Texte intégral
COUR D'APPEL D'AIX-EN-PROVENCE
Chambre 4-8a
ARRÊT D'IRRECEVABILITÉ D'APPEL
DU 26 SEPTEMBRE 2024
N°2024/331
RG 23/02083
N° Portalis DBVB-V-B7H-BKYLM
Société [4]
C/
URSSAF PACA
Copie exécutoire délivrée
le 26 Septembre 2024 à :
-Me Isabelle RAFEL, avocat au barreau de TOULOUSE
- URSSAF PACA
Décision déférée à la Cour :
Jugement du Pole social du Tribunal Judiciaire de Marseille en date du 04 Janvier 2023,enregistré au répertoire général sous le n° 18/3355.
APPELANTE
Société [4], demeurant [Adresse 2]
représenté par Me Isabelle RAFEL de la SCP VIDAL-NAQUET AVOCATS ASSOCIES, avocat au barreau de TOULOUSE substituée par Me Virginie VOULAND, avocat au barreau de MARSEILLE
INTIME
URSSAF PACA, demeurant [Adresse 1]
représenté par Mme [Y] [J] en vertu d'un pouvoir spécial
*-*-*-*-*
COMPOSITION DE LA COUR
En application des dispositions de l'article 945-1 du code de procédure civile, l'affaire a été débattue le 27 Juin 2024, en audience publique, les parties ne s'y étant pas opposées, devant Madame Audrey BOITAUD DERIEUX, Conseiller, chargée d'instruire l'affaire.
Ce magistrat a rendu compte des plaidoiries dans le délibéré de la Cour composée de :
Madame Emmanuelle TRIOL, Présidente de chambre
Madame Audrey BOITAUD DERIEUX, Conseiller
Monsieur Benjamin FAURE, Conseiller
Greffier lors des débats : Madame Florence ALLEMANN-FAGNI.
Les parties ont été avisées que le prononcé de la décision aurait lieu par mise à disposition au greffe le 26 Septembre 2024.
ARRÊT
CONTRADICTOIRE
Prononcé par mise à disposition au greffe le 26 Septembre 2024
Signé par Mme Emmanuelle TRIOL, Présidente de chambre et Mme Séverine HOUSSARD, greffier auquel la minute de la décision a été remise par le magistrat signataire.
* * * * * * * * * *
La SARL [4] a fait l'objet d'un contrôle de l'application des législations de sécurité sociale, d'assurance chômage et de garantie des salaires sur la période des années 2014, 2015 et 2016, par les inspecteurs du recouvrement de l'union de recouvrement pour la sécurité sociale et les allocations familiales de Provence Alpes Côte d'Azur (URSSAF PACA), à l'issue duquel une lettre d'observations lui a été notifiée le 4 septembre 2017 portant sur un redressement de 70.737 euros.

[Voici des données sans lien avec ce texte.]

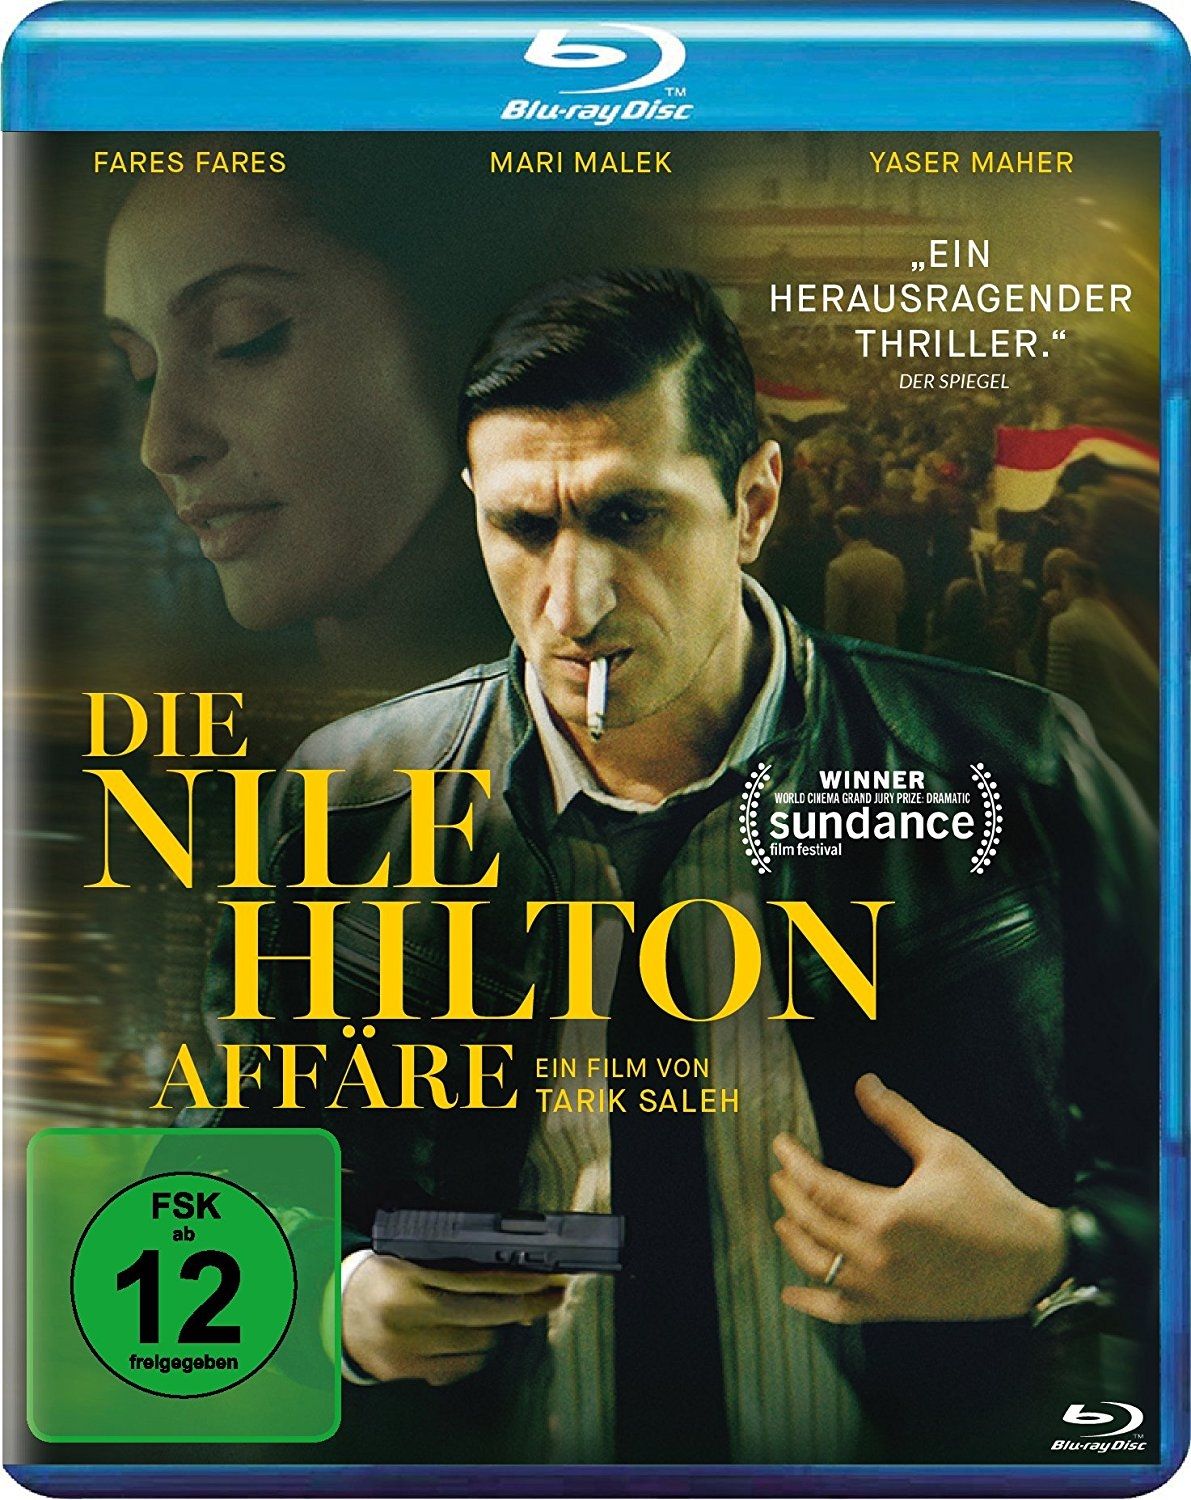 Nile Hilton Affäre, Die (BLURAY)
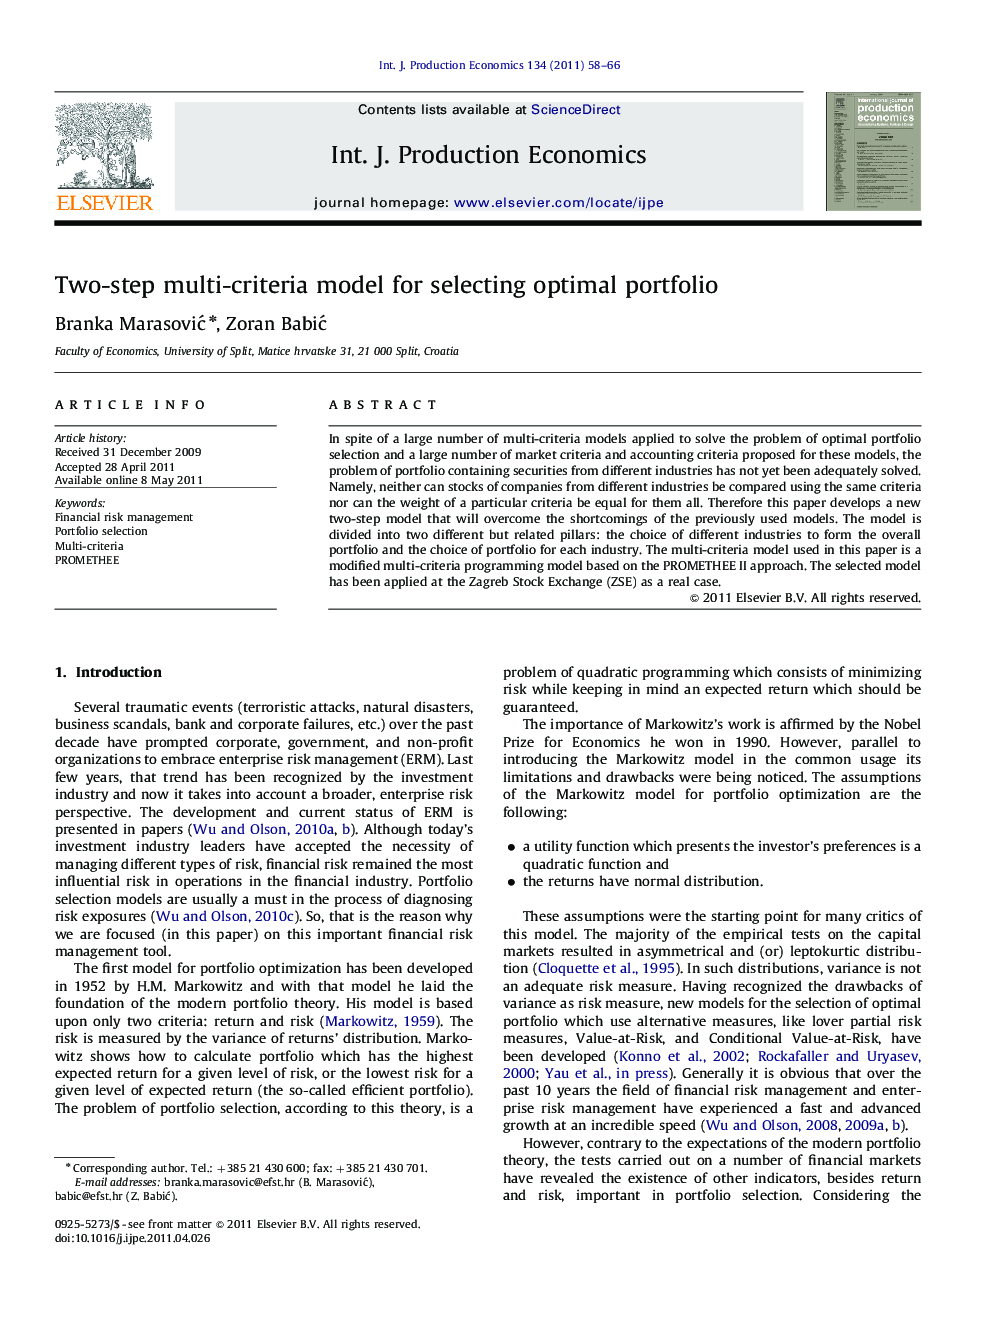 Two-step multi-criteria model for selecting optimal portfolio
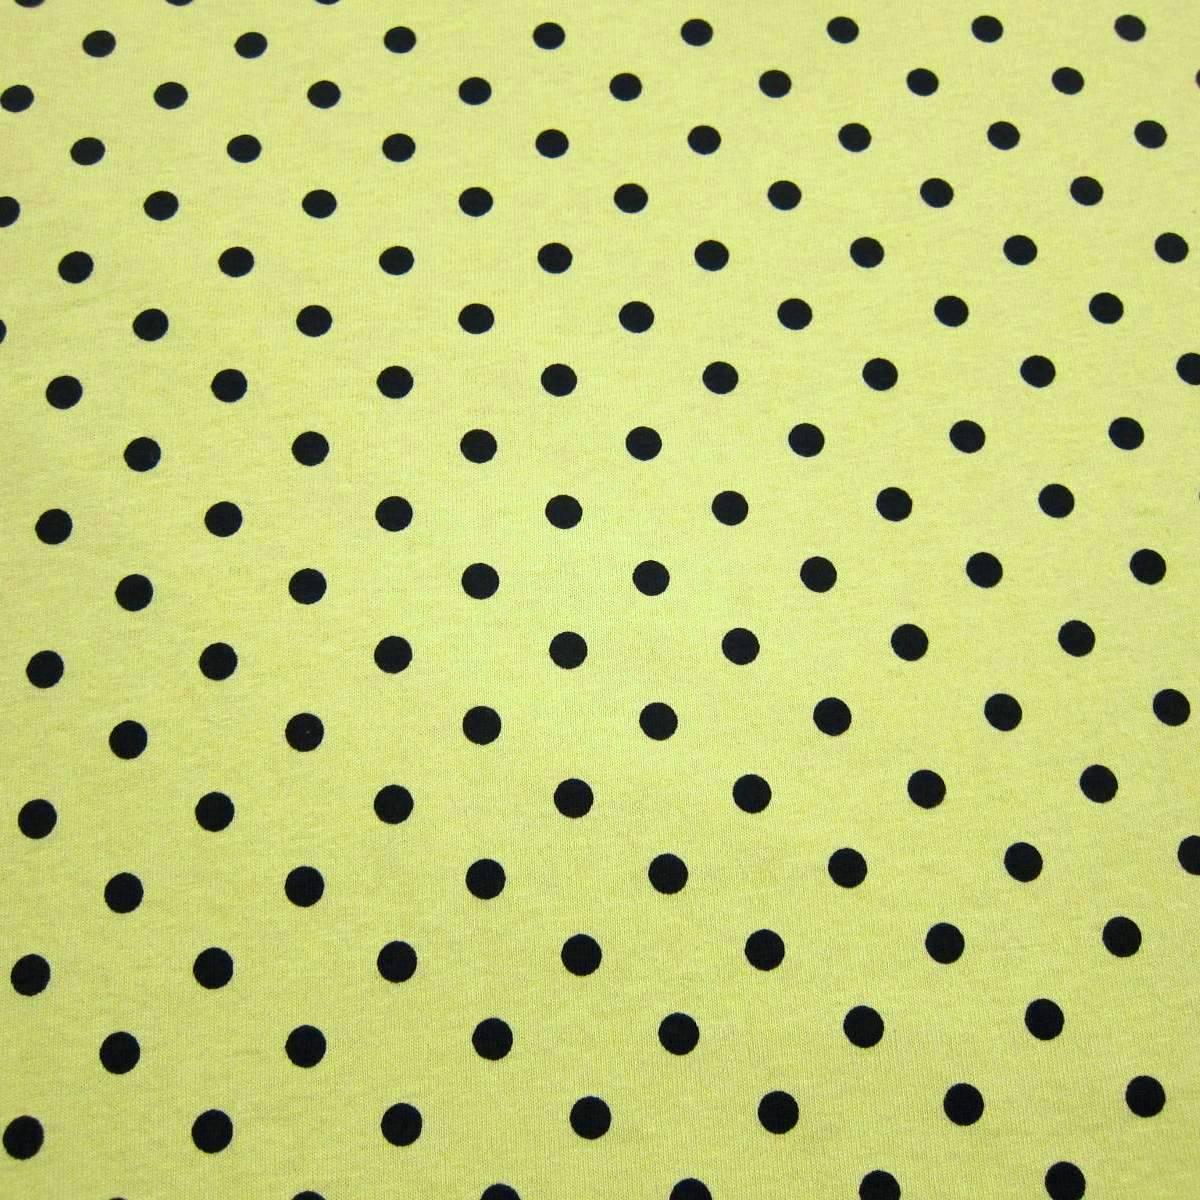 Black Dots On Yellow Cotton Jersey

Le 12 octobre 2017, la société a formulé des observations, auxquelles les inspecteurs du recouvrement ont répliqué par courrier du 22 novembre 2017 en ramenant le montant du redressement à 47.026 euros.
Par lettre datée du 21 décembre 2017, l'URSSAF PACA a mis en demeure la société [4] de lui payer la somme de 54.045 euros dont 46.032 euros de cotisations et 8.013 euros de majorations de retard.
La société a formé un recours devant la commission de recours amiable et, à défaut de réponse, a élévé celui-ci devant le tribunal de grande instance de Marseille par requête expédiée le 12 juin 2018.
Par jugement rendu le 4 janvier 2023, le tribunal, devenu pôle social du tribunal judiciaire de Marseille a:
- déclaré recevable le recours de la SARL [4] à l'encontre de la décision implicite de rejet de la commission de recours amiable de l' URSSAF PACA relative à la contestation de la mise en demeure n°63447973 du 21 décembre 2017,
- déclare que le litige est devenu sans objet suite à l'annulation de ladite mise en demeure par courrier de l'URSSAF PACA en date du 22 novembre 2018,
- débouté la SARL [4] de ses demandes plus amples ou contraires,
- condamné l'URSSAF PACA aux dépens de l'instance.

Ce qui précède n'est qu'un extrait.